Ada beberapa ahli yang mulai berdiskusi satu sama lain dari kejauhan. “Saya mendengar bahwa Laut Tak Tertidur sedang berusaha memperbaiki hubungan dengan Kekaisaran Surgawi Tanpa Batas kita. Putra mahkota Laut Tak Tertidur datang atas perintah raja untuk bernegosiasi dengan Ras Manusia kita.
“Putra mahkota Laut Tak Tidur benar-benar datang! Kudengar dia adalah ahli paling berbakat di generasi ketiga Laut Tak Tidur. Dia memasuki tahap penyelesaian besar Alam Dewa Penciptaan sejak lama dan aku penasaran apakah dia telah menembus ke tahap penyelesaian agung…”
“Bersama Yang Mulia Wu Qifeng, mereka dikenal sebagai naga kembar dari Tanah Tanpa Batas kita!”

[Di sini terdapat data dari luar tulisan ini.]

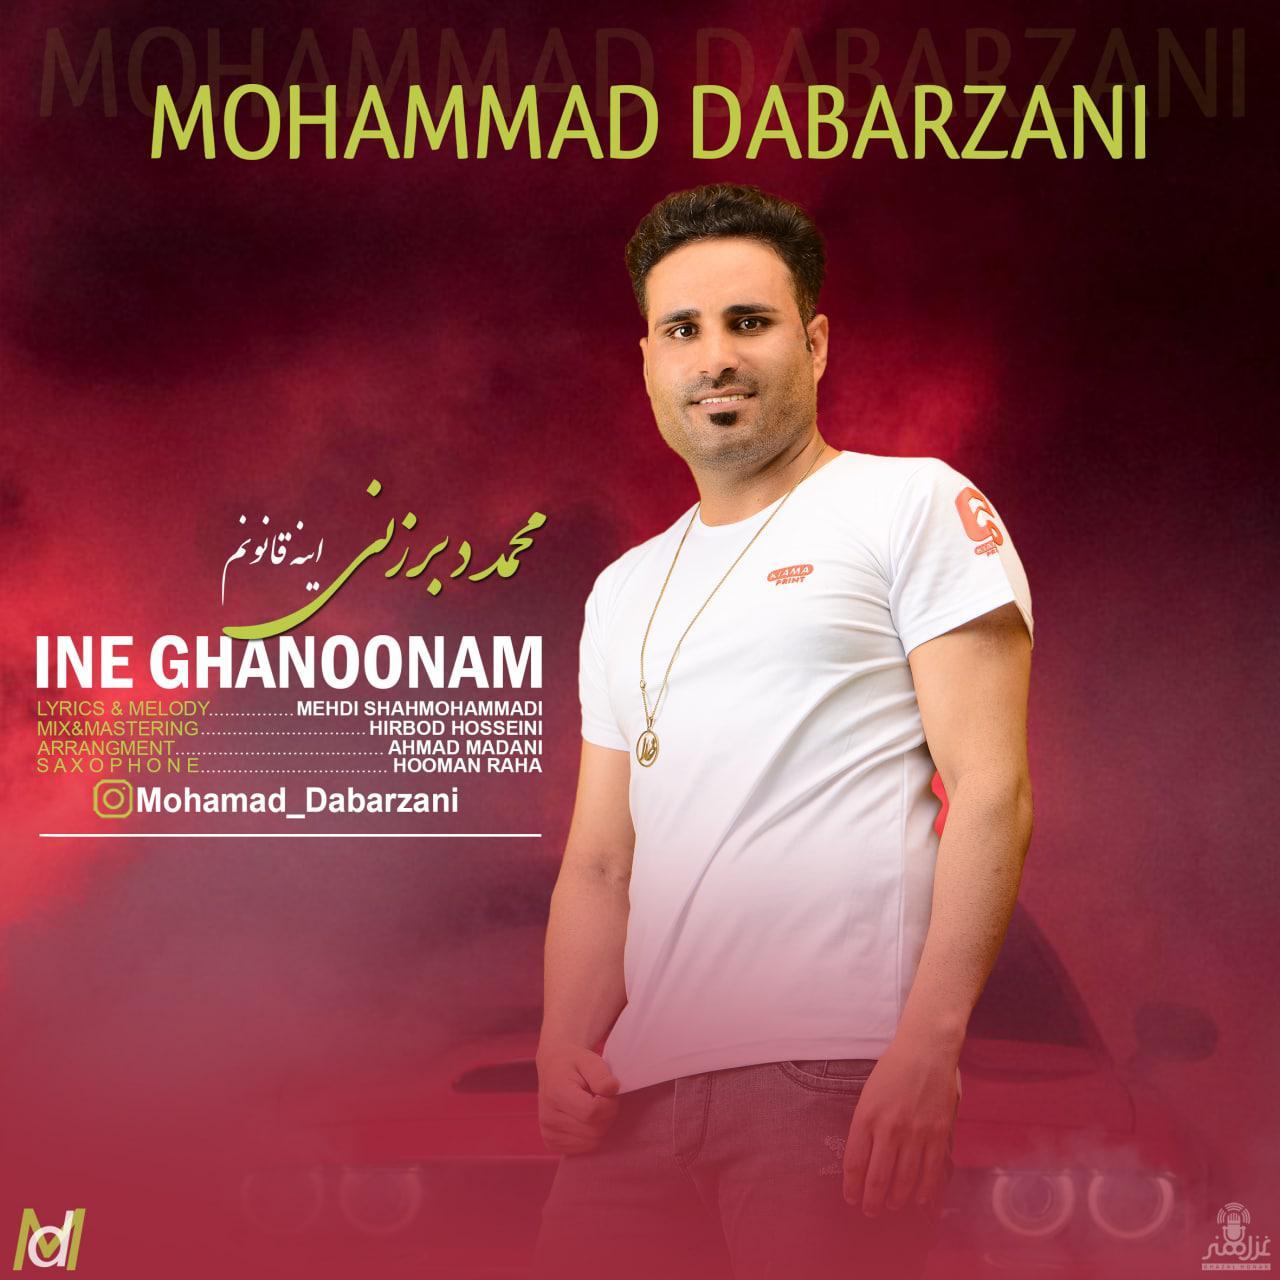 Mohammad Dabarzani – Ine Ghanoonam
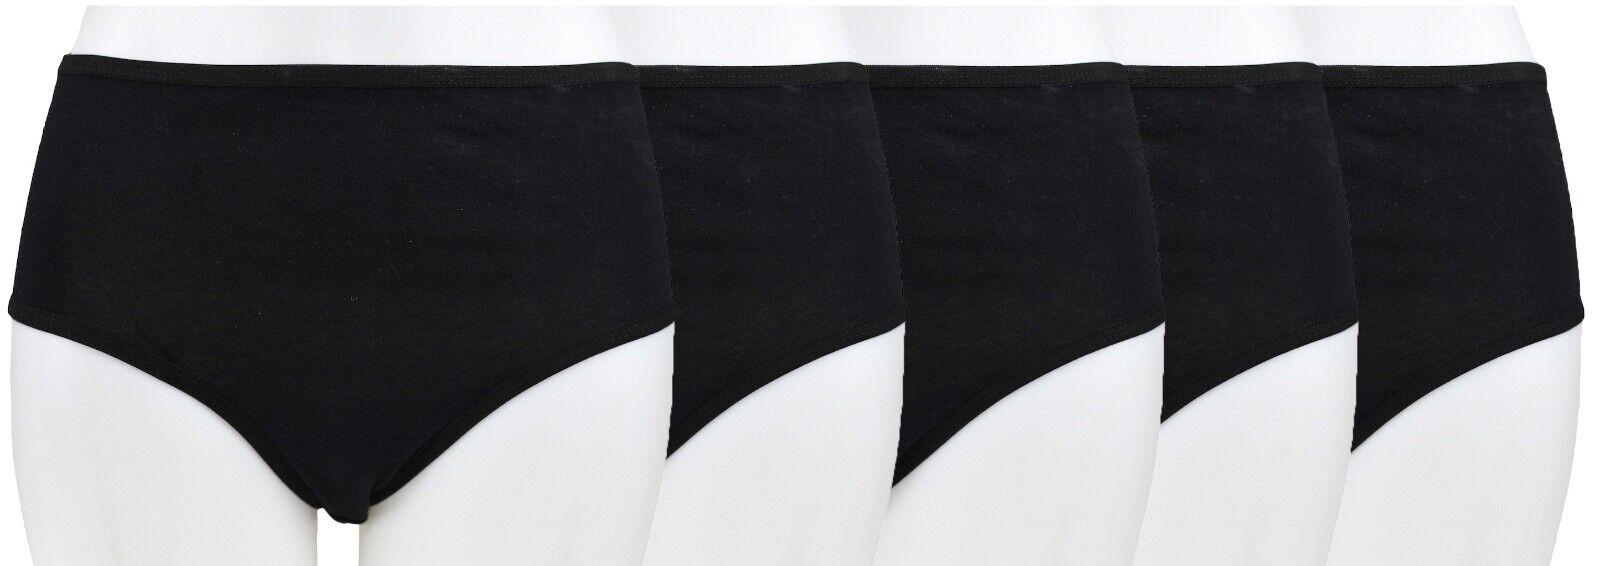 Damen Slips(C) aus 100% Baumwolle Übergröße bis 3XL Unterhose Cotton-Slips

Diskusi mereka sampai ke telinga Huang Xiaolong.
Saat mereka terus berbincang-bincang, pasukan raksasa tiba di depan gerbang kota. Pasukan besar lainnya keluar dari kota untuk menyambut mereka, dan mereka dipimpin langsung oleh Putra Mahkota Tanpa Batas, Wu Qifeng!
“Saudara Ye Jing, sudah lama kita tidak bertemu! Apa kabar?” Wu Qifeng menangkupkan tinjunya dan senyum cerah teruk di bibirnya.
Ye Jing terkekeh dan mulai bertukar basa-basi dengan Wu Qifeng.
“Ayahku sudah menyiapkan jamuan makan untuk kalian semua! Kakak Ye Jing, silakan!” Wu Qifeng mengundang Ye Jing masuk ke kota setelah berbincang singkat.
“Silakan.” Ye Jing tidak menolak isyarat niat baik itu dan mereka bersiap memasuki kota.
Namun, mereka terhenti seketika ketika Wu Qifeng melihat kelompok Huang Xiaolong dari sudut matanya. Pandangannya tertuju pada Zhou Chi, Lin Qiankun, dan Rong Hua.